ÖRGÜT, İNSAN YAŞAMINI DEĞİL ÇIKARINI DÜŞÜNÜYOR
Özetle, tecridin kaldırılması gibi gerek insan hakları gerekse hukuk açısından son derece haklı bir talep uğruna da olsa, örgütün açlık grevlerini yaygınlaştırma çağrısının ve bu çağrıya verilen desteğin amaca ulaşma açısından yanlış, zamansız olduğunu; insan yaşamını değil örgüt çıkarlarını öne aldığını düşünüyorum. Leyla Güven’in kendi iradesiyle -başkalarınınkini değil kendi yaşamını ortaya koyarak- başlattığı eylemi insanî, vicdanî, etik açıdan farklı ve üstün bir yere koysam da doğru ve sonuç alıcı göremiyorum.

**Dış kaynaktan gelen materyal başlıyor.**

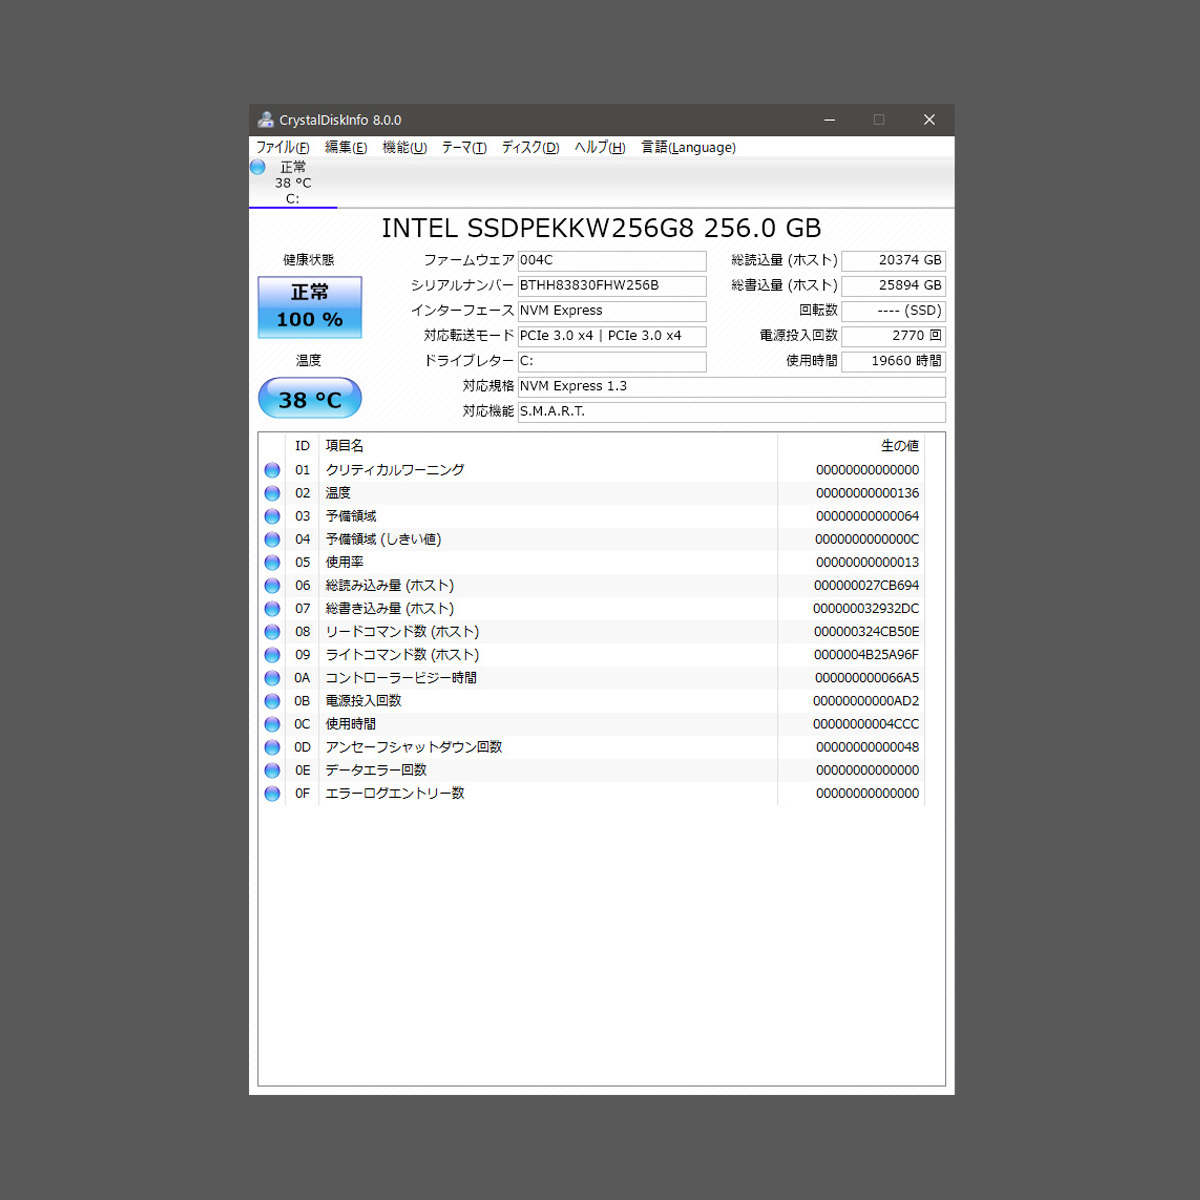 [ free shipping ]Intel SSD 760p series 256GB SSDPEKKW256G8

ARTIK YETER! KARNIMIZDAN KONUŞMAYI BIRAKALIM
Açlık grevlerinin başından beri, dört göz arası konuşmalarda benzer düşünceleri dile getirenler çoğunluktaydı. Devlete, iktidara sesleniyor, bildiriler, açıklamalar yayımlıyor, yetkililerin yarın öbür gün yaşanabilecek ölümlerden veya giderilemez kalıcı sakatlıklardan sorumlu olacaklarını yazıyor, söylüyorduk. Ama iş, açlık grevlerini yaygınlaştırma talimatı verenlere gelince suskunluk başlıyordu.
Suskunluğun nedeni, öncelikle Leyla Güven’in kişiliğine, haklılığına ve fedakârca eylemine saygıydı. Eylemini tahliyesinden sonra evde sürdürürken kendisine yapılan ziyaretler onu yaşatmak, birlikte sesini daha iyi duyuracağımıza ikna etmek, kamuoyunun dikkatini konuya çekebilmek içindi. Kısaca, -örgüt çevreleri hariç- Leyla’ya destek, açlık grevlerine değil onun yaşamınaydı. Açlık grevlerinin yaygınlaştırılması kararını alanlar için ise aslolan hayat değil örgütün/davanın yüce çıkarlarıydı. “Kendini ölüme, gün be gün erimeye, bilincinin kararmasına teslim etme, ancak yaşayanlar savaşabilir” demiyorlar, Güven’in yaşamını değil eylemi yüceltiyorlardı.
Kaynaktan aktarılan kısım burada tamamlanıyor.